> [Work to be completed]: The records below should be set down in full, please, without any change.
□ □ □ □
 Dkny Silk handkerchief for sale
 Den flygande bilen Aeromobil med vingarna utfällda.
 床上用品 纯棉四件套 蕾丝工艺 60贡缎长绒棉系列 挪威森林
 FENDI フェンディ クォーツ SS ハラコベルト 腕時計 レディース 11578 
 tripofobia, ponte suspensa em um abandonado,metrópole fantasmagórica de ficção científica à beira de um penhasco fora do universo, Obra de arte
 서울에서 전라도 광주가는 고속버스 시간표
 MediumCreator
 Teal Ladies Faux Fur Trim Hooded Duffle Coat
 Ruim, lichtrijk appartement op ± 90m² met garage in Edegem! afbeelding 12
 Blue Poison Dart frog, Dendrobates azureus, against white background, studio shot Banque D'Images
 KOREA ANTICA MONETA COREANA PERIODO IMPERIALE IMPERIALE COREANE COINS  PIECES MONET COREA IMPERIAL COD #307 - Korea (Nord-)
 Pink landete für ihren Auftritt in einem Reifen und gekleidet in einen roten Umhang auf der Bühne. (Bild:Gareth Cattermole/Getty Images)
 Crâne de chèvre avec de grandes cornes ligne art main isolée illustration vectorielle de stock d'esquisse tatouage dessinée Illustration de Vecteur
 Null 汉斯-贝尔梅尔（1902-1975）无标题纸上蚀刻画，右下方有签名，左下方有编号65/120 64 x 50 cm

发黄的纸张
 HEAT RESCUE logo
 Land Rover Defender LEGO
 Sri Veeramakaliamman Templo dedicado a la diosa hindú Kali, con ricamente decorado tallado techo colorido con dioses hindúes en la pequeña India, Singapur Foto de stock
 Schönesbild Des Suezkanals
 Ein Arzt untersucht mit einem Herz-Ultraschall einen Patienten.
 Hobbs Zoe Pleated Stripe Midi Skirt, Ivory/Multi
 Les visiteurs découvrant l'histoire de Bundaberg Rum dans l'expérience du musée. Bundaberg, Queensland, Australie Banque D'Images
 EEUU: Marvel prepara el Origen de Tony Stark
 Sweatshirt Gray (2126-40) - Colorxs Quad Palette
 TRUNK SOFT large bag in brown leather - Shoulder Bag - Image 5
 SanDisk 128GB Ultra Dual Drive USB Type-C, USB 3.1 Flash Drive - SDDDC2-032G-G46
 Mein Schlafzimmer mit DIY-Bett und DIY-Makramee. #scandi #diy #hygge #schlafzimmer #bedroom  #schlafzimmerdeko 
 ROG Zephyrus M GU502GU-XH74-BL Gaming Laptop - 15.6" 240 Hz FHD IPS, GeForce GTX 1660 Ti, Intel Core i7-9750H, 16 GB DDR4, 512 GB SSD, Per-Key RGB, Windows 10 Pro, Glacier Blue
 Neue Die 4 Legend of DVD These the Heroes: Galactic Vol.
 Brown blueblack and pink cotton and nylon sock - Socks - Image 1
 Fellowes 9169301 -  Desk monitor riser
□ □ □ □
> [Response for this exercise]:
 Dkny Silk handkerchief for sale
 Den flygande bilen Aeromobil med vingarna utfällda.
 床上用品 纯棉四件套 蕾丝工艺 60贡缎长绒棉系列 挪威森林
 FENDI フェンディ クォーツ SS ハラコベルト 腕時計 レディース 11578 
 tripofobia, ponte suspensa em um abandonado,metrópole fantasmagórica de ficção científica à beira de um penhasco fora do universo, Obra de arte
 서울에서 전라도 광주가는 고속버스 시간표
 MediumCreator
 Teal Ladies Faux Fur Trim Hooded Duffle Coat
 Ruim, lichtrijk appartement op ± 90m² met garage in Edegem! afbeelding 12
 Blue Poison Dart frog, Dendrobates azureus, against white background, studio shot Banque D'Images
 KOREA ANTICA MONETA COREANA PERIODO IMPERIALE IMPERIALE COREANE COINS  PIECES MONET COREA IMPERIAL COD #307 - Korea (Nord-)
 Pink landete für ihren Auftritt in einem Reifen und gekleidet in einen roten Umhang auf der Bühne. (Bild:Gareth Cattermole/Getty Images)
 Crâne de chèvre avec de grandes cornes ligne art main isolée illustration vectorielle de stock d'esquisse tatouage dessinée Illustration de Vecteur
 Null 汉斯-贝尔梅尔（1902-1975）无标题纸上蚀刻画，右下方有签名，左下方有编号65/120 64 x 50 cm

发黄的纸张
 HEAT RESCUE logo
 Land Rover Defender LEGO
 Sri Veeramakaliamman Templo dedicado a la diosa hindú Kali, con ricamente decorado tallado techo colorido con dioses hindúes en la pequeña India, Singapur Foto de stock
 Schönesbild Des Suezkanals
 Ein Arzt untersucht mit einem Herz-Ultraschall einen Patienten.
 Hobbs Zoe Pleated Stripe Midi Skirt, Ivory/Multi
 Les visiteurs découvrant l'histoire de Bundaberg Rum dans l'expérience du musée. Bundaberg, Queensland, Australie Banque D'Images
 EEUU: Marvel prepara el Origen de Tony Stark
 Sweatshirt Gray (2126-40) - Colorxs Quad Palette
 TRUNK SOFT large bag in brown leather - Shoulder Bag - Image 5
 SanDisk 128GB Ultra Dual Drive USB Type-C, USB 3.1 Flash Drive - SDDDC2-032G-G46
 Mein Schlafzimmer mit DIY-Bett und DIY-Makramee. #scandi #diy #hygge #schlafzimmer #bedroom  #schlafzimmerdeko 
 ROG Zephyrus M GU502GU-XH74-BL Gaming Laptop - 15.6" 240 Hz FHD IPS, GeForce GTX 1660 Ti, Intel Core i7-9750H, 16 GB DDR4, 512 GB SSD, Per-Key RGB, Windows 10 Pro, Glacier Blue
 Neue Die 4 Legend of DVD These the Heroes: Galactic Vol.
 Brown blueblack and pink cotton and nylon sock - Socks - Image 1
 Fellowes 9169301 -  Desk monitor riser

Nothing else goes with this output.